Publication

Ukraine’s Currency Market Preserves Status Quo

16/09/2016

Anna Sisetska

Partner, Attorney-at-Law

Antitrust and Competition,
Banking and Finance,
Trade and Commercial,
Aviation,
Consumer Goods and Retail,
Transport and Infrastructure

Alexander Borodkin

Partner, Attorney-at-Law

Real Estate and Construction,
Tax,
Trade and Commercial,
Agribusiness,
Renewables,
Transport and Infrastructure

On September 14, 2016, the National Bank of Ukraine (the NBU) issued Resolution No. 386 extending temporary currency restrictions that had been effective for more than two years. A brief overview of the main currency control requirements for the next three months, subject to some of them being eased in late July and late August 2016, is provided below.

Key Changes for Businesses:

  1. The maximum allowable period for settlements under export and import transactions has been increased from 90 to 120 calendar days.

  2. In respect of the effective prohibition of early repayment of foreign currency loans to non-residents, one more significant exception has been introduced: along with a permission to change an interest payment period for such loans within 180 days, it is also allowed to reduce the loan repayment period where such reduction is carried out for the purpose of debt restructuring by setting off claims for the principal loan amount as an additional contribution of a non-resident creditor to the authorized capital of a resident debtor during the authorized capital increase (conversion). It is noteworthy that this only concerns the set-off of counterclaims. However, the NBU, for example, gave no consideration to the contribution of a loan claim as an in-kind contribution.

  3. Back in mid-August 2016, the NBU canceled a requirement for mandatory examination of foreign economic contracts price by the State Information and Analysis Center for Monitoring of External Commodity Markets (Derzhzovnishinform SE). Presently, the NBU independently continues monitoring the currency transactions carried out by non-residents and may block any transaction the NBU believes to be risky, non-compliant with the law or posing a real or potential threat of legalization of proceeds from crime.

The following restrictions will remain in force until December 15, 2016:

  1. 65% of foreign currency earnings shall be subject to mandatory sale.

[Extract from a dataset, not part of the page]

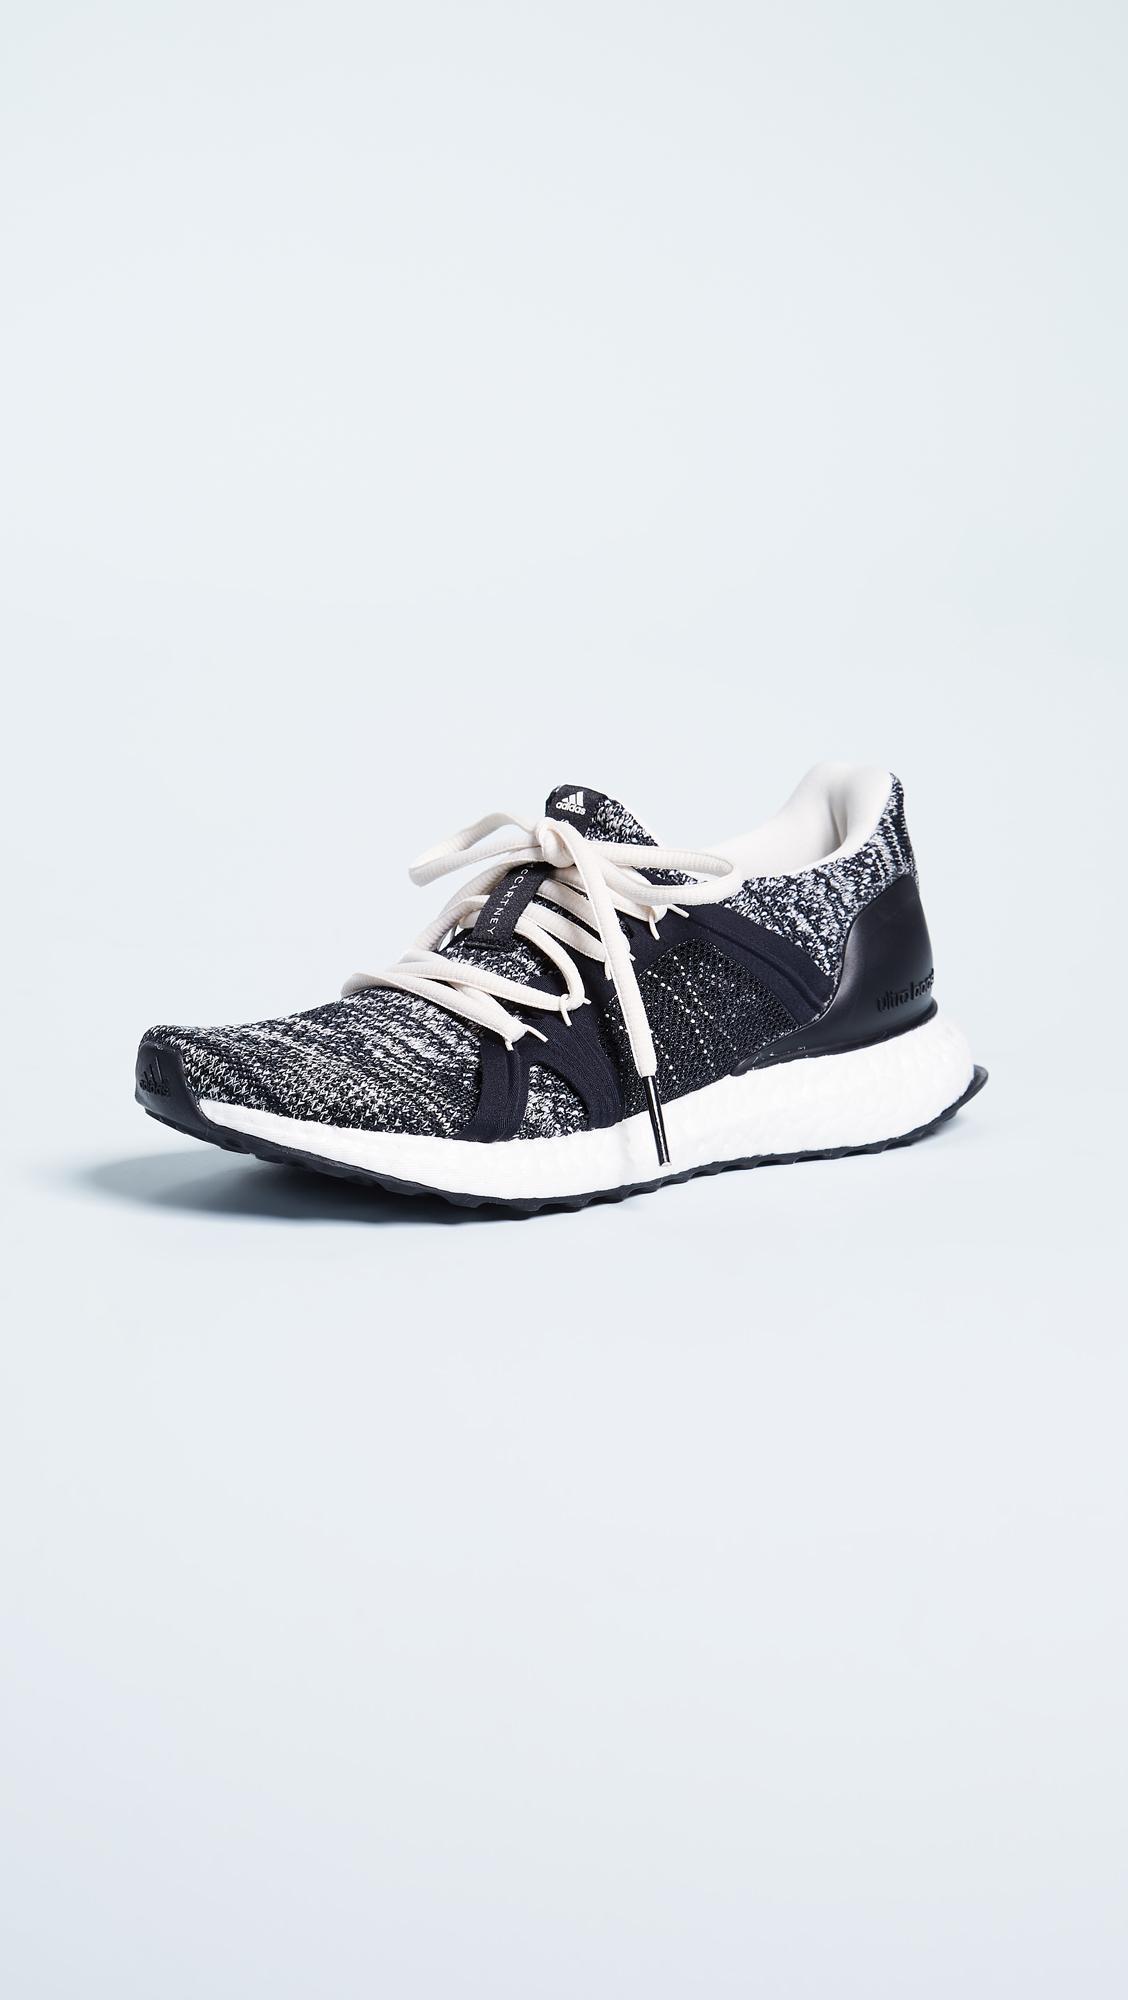 7d99c673a13 adidas By Stella McCartney Ultraboost Parley Sneakers in Black - Lyst

  2. Dividends shall be allowed to be paid only for the period of 2014 to 2015. The total amount of such payments during one calendar month shall still not exceed the greater of USD 1 mln or 10% of the total amount of payable dividends. If 10% of the total dividends exceed USD 5 mln, the monthly payment limit will be USD 5 mln. Payment of dividends for preceding periods or in larger amounts is still prohibited.

  3. It is prohibited to purchase and transfer foreign currency for the purposes of returning abroad the funds received from the sale of Ukrainian issuers’ securities, corporate rights in Ukrainian entities, and funds received from Ukrainian entities’ capital reduction or as a result of withdrawal from their participants.

  4. It is prohibited to purchase and transfer foreign currency under individual NBU licenses if the sum of payment under such licenses exceeds USD 50,000.00 per month, with a few exceptions whose list, however, has not changed.

  5. It is prohibited to purchase foreign currency at the instruction of a resident client (other than an individual) who has foreign currency funds held in current and deposit accounts in an amount exceeding USD 25,000.00 or an equivalent thereof in any other currency. The limit amount does not include some funds whose list has been expanded only with foreign currency purchased to repay such resident client’s indebtedness under loans (borrowings) from non-resident lenders.

The above changes entered into effect on September 15 and will remain in effect until December 15, 2016.

Judging from our clients’ recent requests, the major market expectations concern possibilities for converting debts owed to non-resident lenders into Ukrainian companies’ capital, clarification of the criteria to guide the NBU in its blocking of payments to non-residents, and the ultimate lifting of restrictions for payment of dividends and performance of other investment transactions. Our experience shows that it is often possible to find a legally reasonable, although not always obvious, way to achieve the desired economic effect even amid the currently existing restrictions. We continue to closely monitor the situation in the currency market and will inform you about all major changes.